Não julgue o leitor que o fenómeno de não governar para o povo é exclusivo da Grande China (Macau e Hong Kong incluídos), até porque encontro semelhanças no processo “Brexit”, na situação política do Brasil, no “status quo” vigente nos Estados Unidos, etc.
No último caso, descortino muitas semelhanças entre Hillary Clinton e a dupla CY Leung e Chui Sai On, porque caso seja eleita Presidente dos Estados Unidos a ainda presumível candidata do Partido Democrata irá governar para o “establishment” e para as oligarquias, em detrimento do povo.

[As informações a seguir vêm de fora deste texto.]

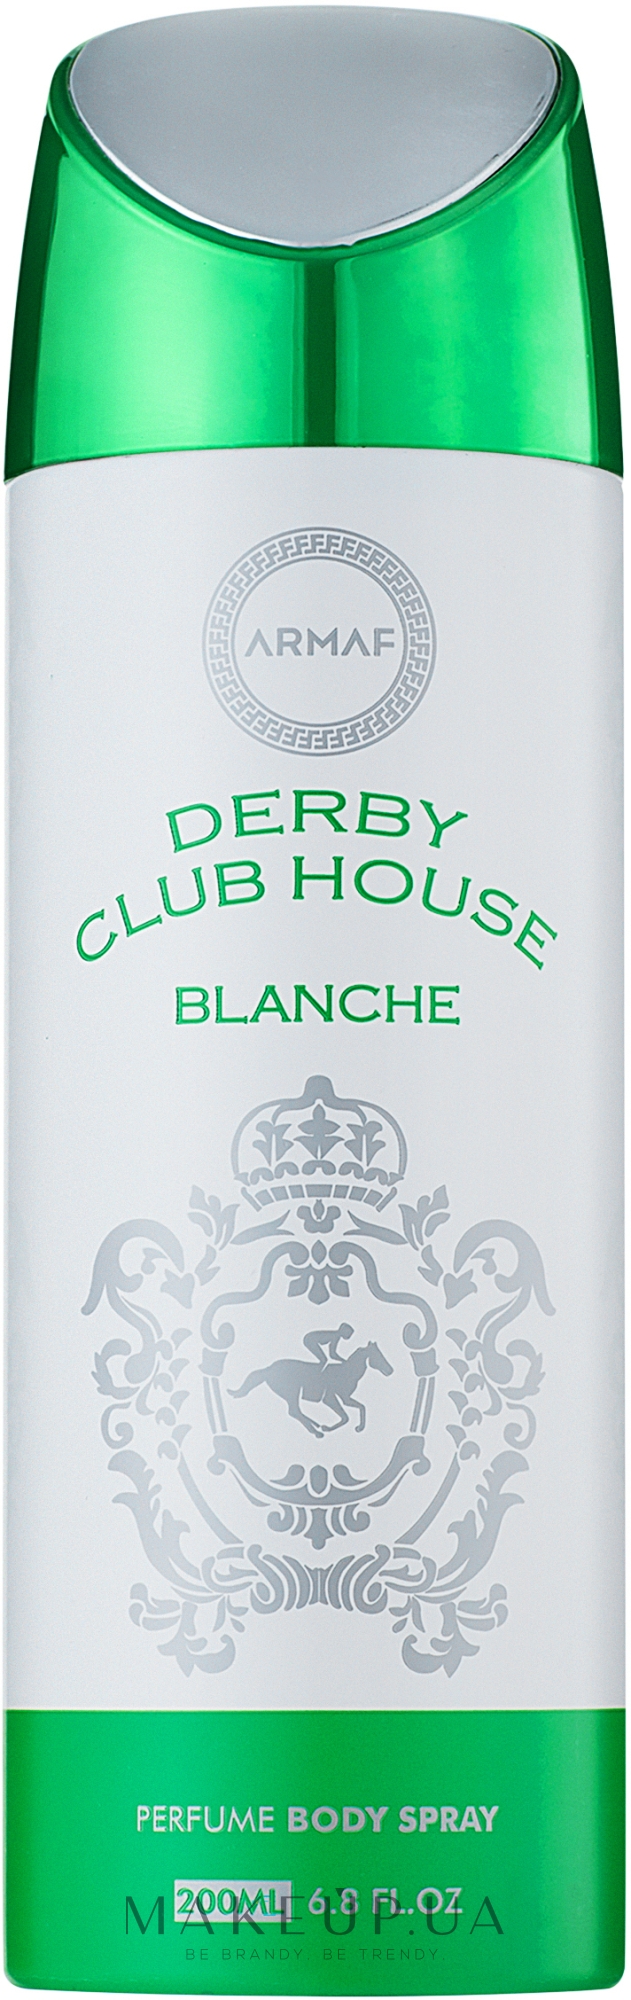 Armaf Derby Club House Blanche - Парфюмированный дезодорант-спрей для тела — фото 200ml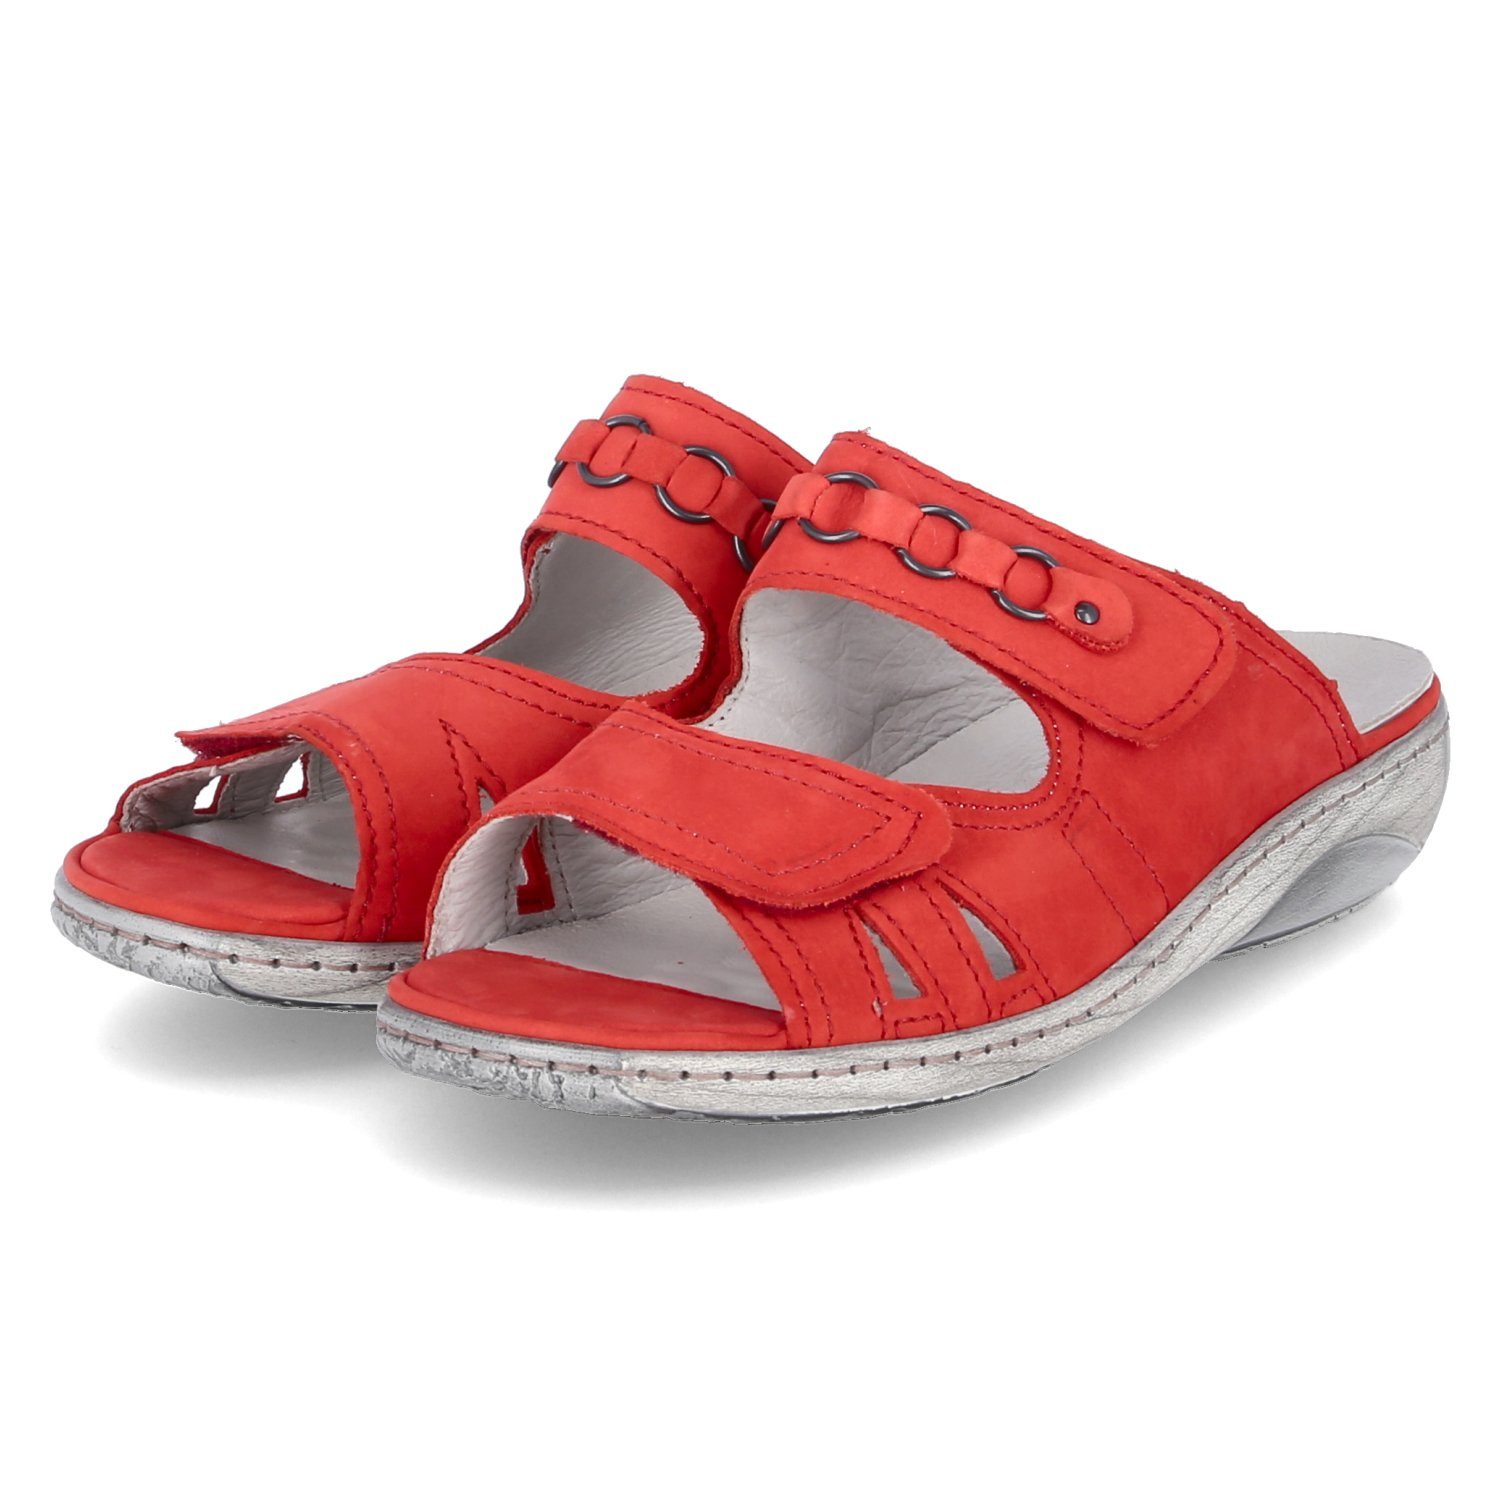 Waldläufer Sandalen für Damen online kaufen | OTTO

A grande diferença entre a RPC e esses países – por sinal, ocidentais – é medida por dois factores essenciais: a liberdade de expressão e o facto do povo ter o poder de decidir o rumo dos acontecimentos.
No primeiro caso, a liberdade de expressão é reprimida no continente chinês, algo que para a mentalidade do mundo ocidental só tem comparação com os regimes sanguinários e repressivos que durante o século XX tiveram o seu momento no Velho Continente.
Trata-se de uma percepção errónea, porque em muitas democracias ocidentais a liberdade de expressão também é reprimida por via da constante manipulação de informação na Imprensa e nas redes sociais. Contudo, reconheço haver maior grau de humanidade no Ocidente…
No segundo caso, sabe-se que os Governos ocidentais podem cair em resultado da vontade popular, mas quem geralmente lhes sucede continua na senda da incoerência governativa, por vezes em prejuízo do bem-comum. Mais uma vez, é a (aparente) certeza de poder mudar o rumo dos acontecimentos para melhor que faz com que a generalidade dos ocidentais olhe com grande desconfiança para a realidade da RPC.
Mais uma achega: a propósito dos livreiros de Hong Kong – dois deles alegadamente sequestrados pelos serviços secretos chineses fora da China continental – será que a CIA nunca adoptou o mesmo método fora dos Estados Unidos?